Gotcha, thought Salter.
Then: ‘Ah yes,’ Pollock said. ‘I knew all about Jane, of course. But she didn’t seem to be covered by your question. Jane is Jane Homer, Dean of Women at Wollstonecraft Hall. They were just old friends.’
‘I see.’ Salter made a note. ‘Now, Professor, I wonder if you would mind telling me everything about Summers that might help me to understand him. If I can get an idea of what kind of man he was it might help a great deal.’
Pollock began a seminar on his dead friend. Salter pretended to take notes to give Pollock’s words their proper value.
‘He was, I think, a good teacher, a very fair critic, a poor scholar, and a very poor student.

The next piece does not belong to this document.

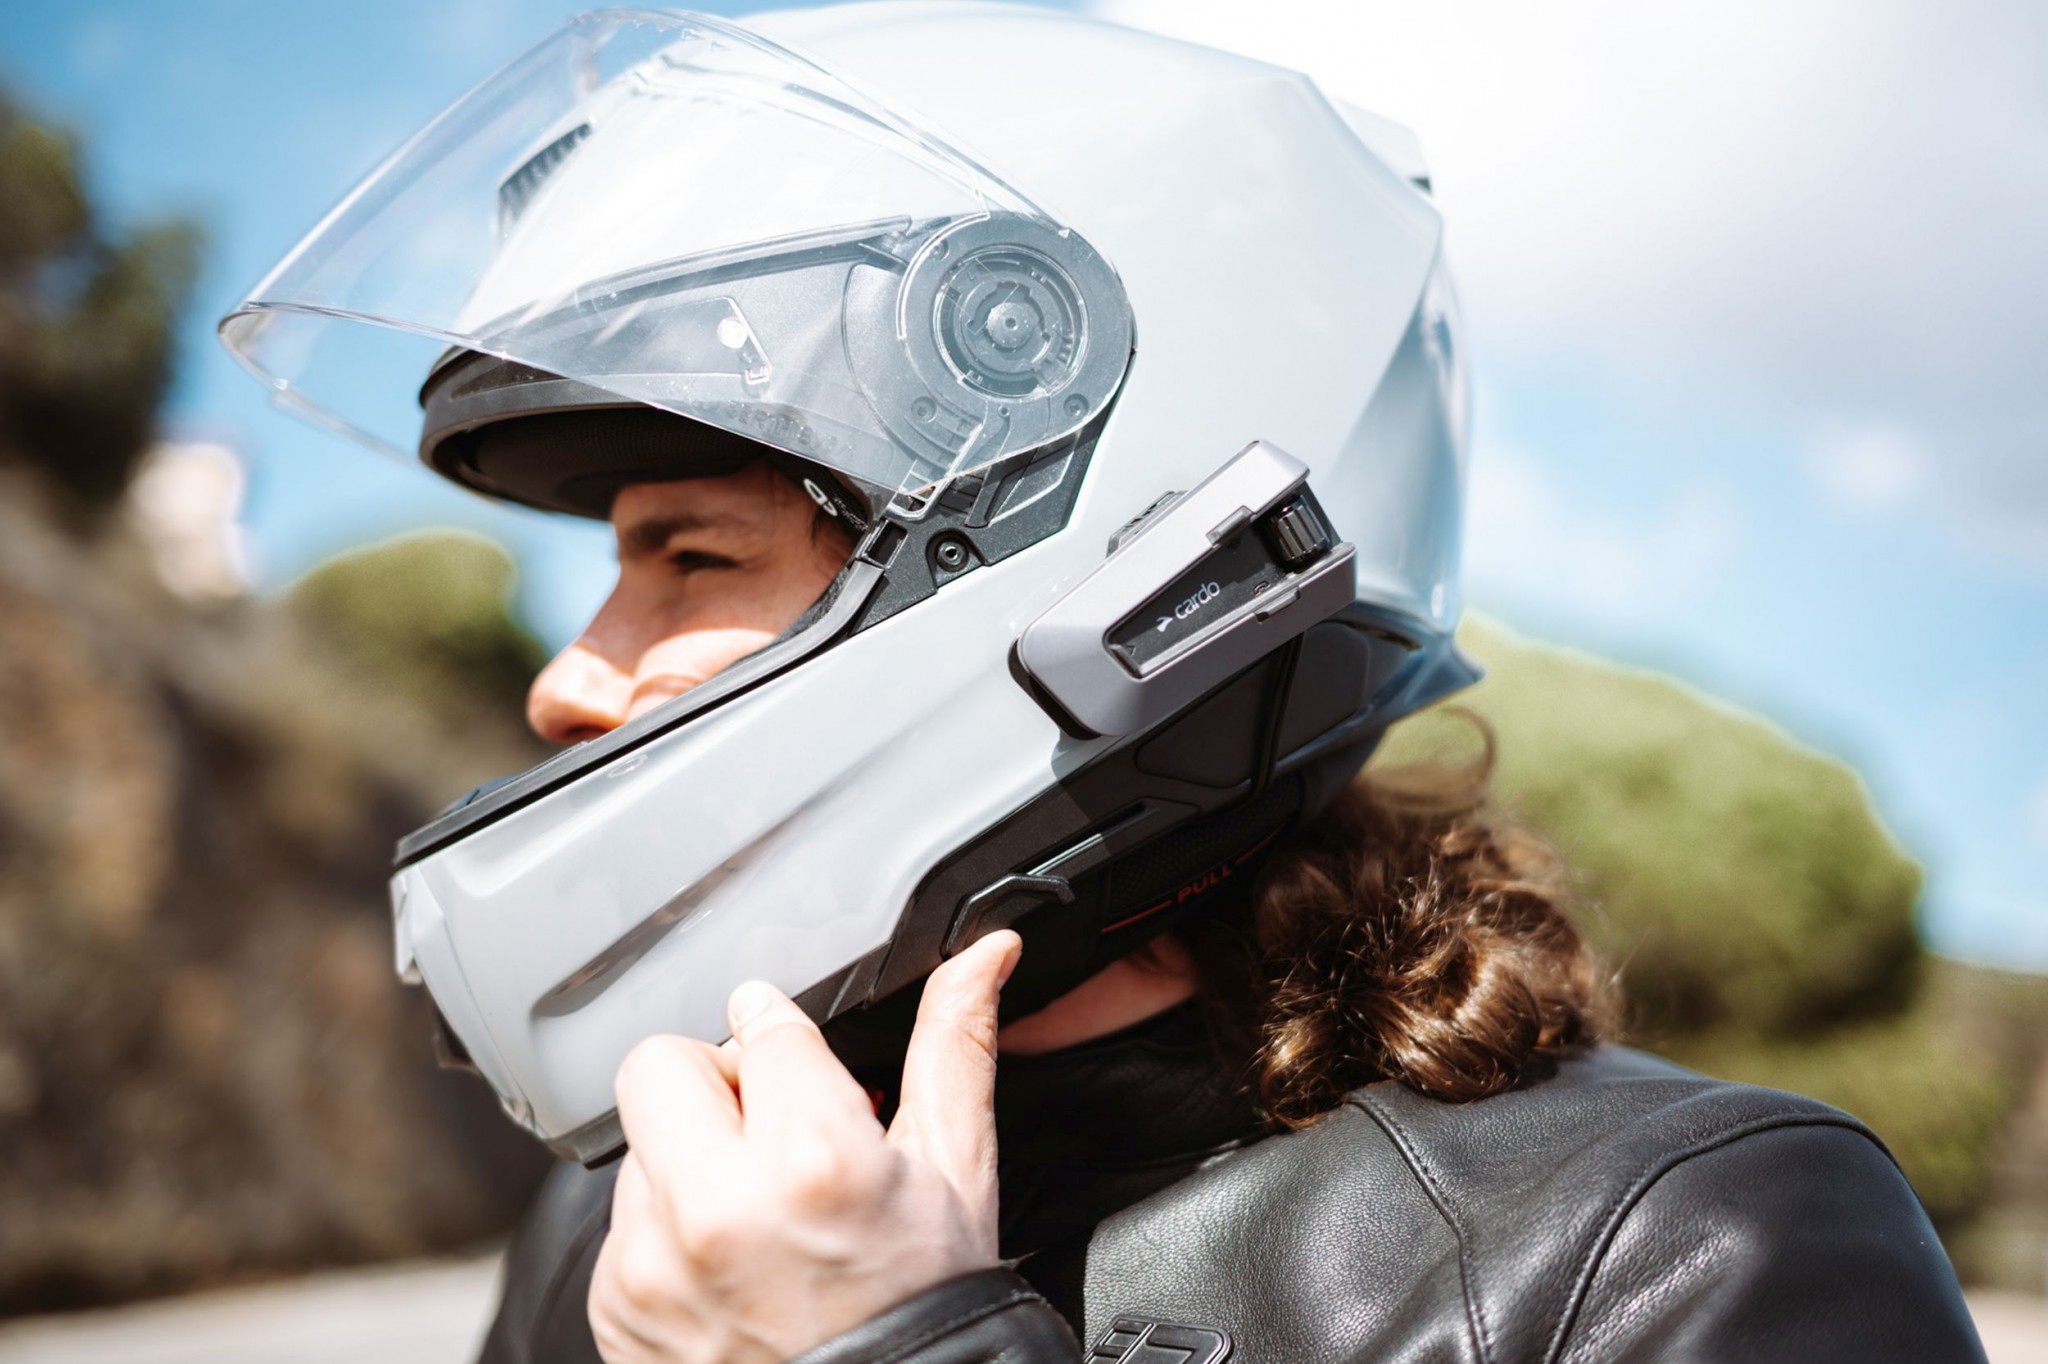 Schuberth S3 sport touring helmet in the test - Image 47

He worked hard at his job here—too hard, probably; he had something interesting to say about what he was teaching, but he didn’t keep up with his field and he didn’t produce anything. His friends thought he failed to apply his talents, and his enemies accused him of having a butterfly mind. I think myself he had reached the age when it is now fashionable to change careers. The symptoms were that he had become involved in a whole host of activities in the last year or two that one could only see as distractions.’
‘Like?’
‘Like squash, Inspector. He took up squash last year, and played it four or five times a week. It was the high point of his day.’
‘Was he good?’
‘No. I played him after he had been playing for a year. He was no good at all. But among the people he played down at that club of his, he was able to find keen competition.’
‘What else?’
‘Making money. Obviously, he had decided to try and make his fortune, lie was always a bit of a gambler—poker, the races—that sort of thing—he bought every lottery ticket going—and lately he was dabbling in commodities.
‘Did he break out in any other ways?’
‘You want to know if he was having a “mid-life crisis”? I think that’s the jargon. Perhaps. He didn’t start to dress like a gypsy, though, or wear a wig, or any of the other symptoms I’ve heard about. No, if I understand the mid-life crisis, it is an attempt to have a few more years of boyhood in middle age, at least that’s how it manifests itself around here. Well, perhaps that’s what he was doing, but in his case the symptoms were a sudden renewed interest in games and in taking risks.’
‘Who were his friends, Professor?’
‘Me, of course, and Marika. One or two others in the department enjoyed his company. Otherwise the people he and his wife socialized with. He didn’t have many friends, the way people use that term nowadays, but he tended to keep them.’
‘His enemies?’
‘A lot of people were wary of him. He had a bad habit of looking for the funny side of any situation, and sometimes he was witty at the expense of others. He teased people and they took offence. And teasing is a form of cruelty, isn’t it?’
‘I’m trying to understand the relationship between him and Dunkley,’ Salter said, coming to the point. ‘Can you help me there?’
‘Yes. I thought we’d come to that. You’ve heard Browne’s theory, no doubt, of a Conradian link?’